The resulting images evoke the science fiction movies of his childhood, with a kind of film noir-esque mystery. Typically presented without captions, they invite the viewer to imagine a storyline driving the images of the scientists-turned-superheroes. Shults calls the series "The Superlative Light," both in reference to the high quality of the laser itself and a theology essay by philosopher Catherine Pickstock—Pickstock uses the phrase to describe the continual creativity of a deity figure.
Shults wanted to portray, in a sense, the intersection of fact and fiction. On one level, the photographs document the reality of scientists working in a lab, but because of the way they're constructed, they also capture the fantastical nature of the scientists' experiments.
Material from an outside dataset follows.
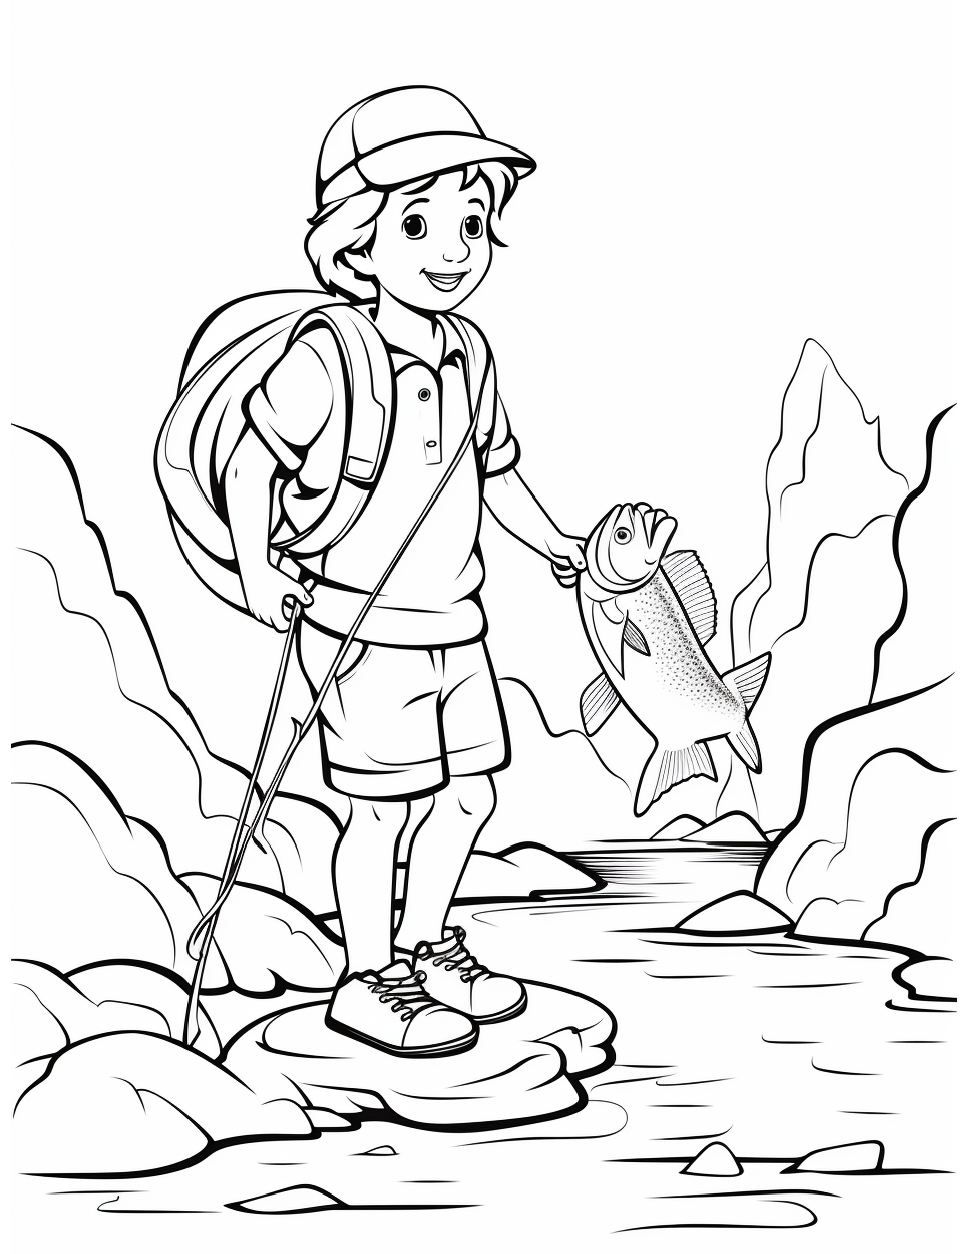 Fishing Coloring Page 11 - Line drawing of a boy with a backpack, holding a fishing rod and a fish
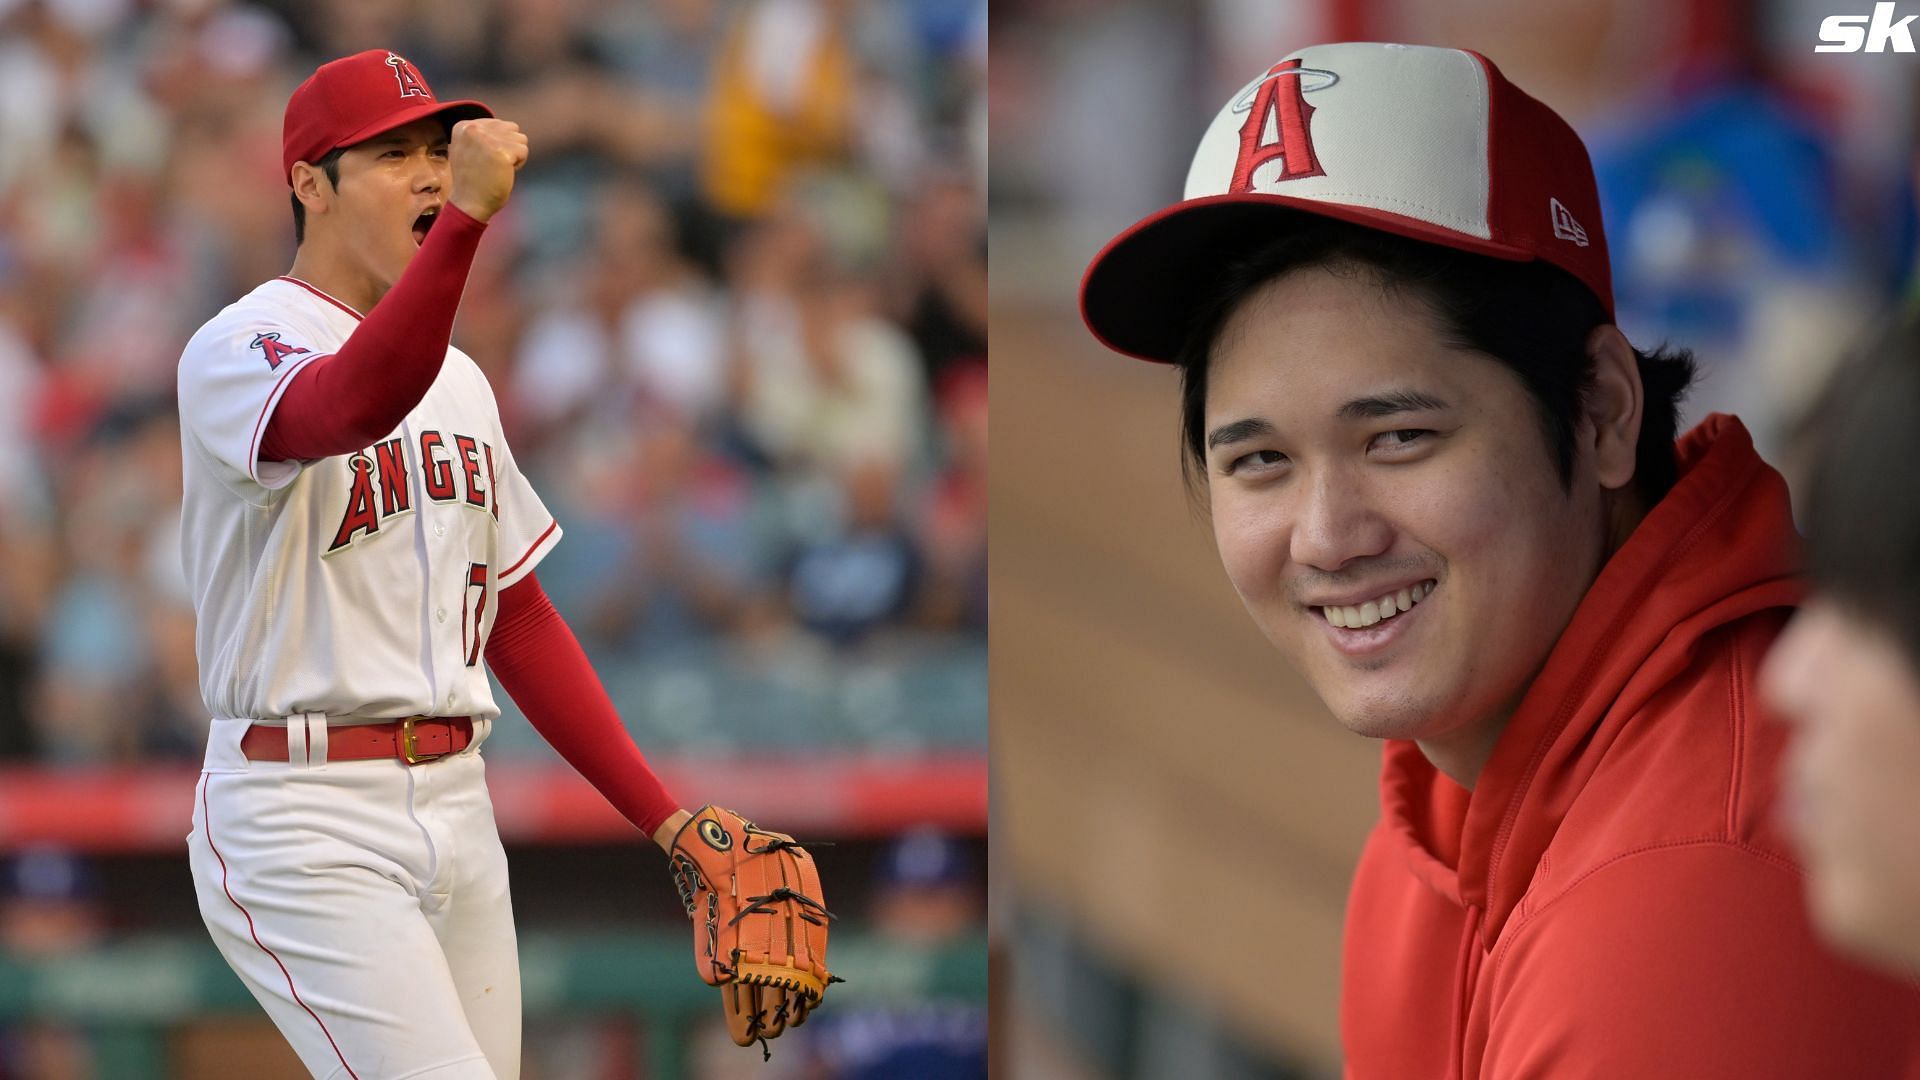 Shohei Ohtani of the Los Angeles Angels in the dugout while playing the Detroit Tigers

Shults plays with the idea that although we take photography to be a truthful means of conveying reality, photographs can also be a deliberately engineered medium perfect for lending images a sense of fantasy.
This month, Shults raised $23,841 in a Kickstarter campaign to help fund the publication of a book, to be released this fall by Daylight Books, a non-profit art and photography publisher. Instead of the traditional, sometimes stuffy art criticism essay that precedes most photo books, he has enlisted Ditmire to write an explanation of the science conducted at the University of Texas lab. The book will also include a story to go along with the images, penned by Rudy Rucker, a mathematician and author.
The publisher plans to bind the book using the head-to-tail binding of old two-in-one sci-fi books—where readers could read one novel front to back, and then flip the book over and read a different story back to front. Each reader can have a different experience, whether they start reading Ditmire's scientific text or Rucker's sci-fi story. Shults hopes this playful format will “augment the fiction and nonfiction of the whole thing, the science and the art of it, the imagination and the discipline.”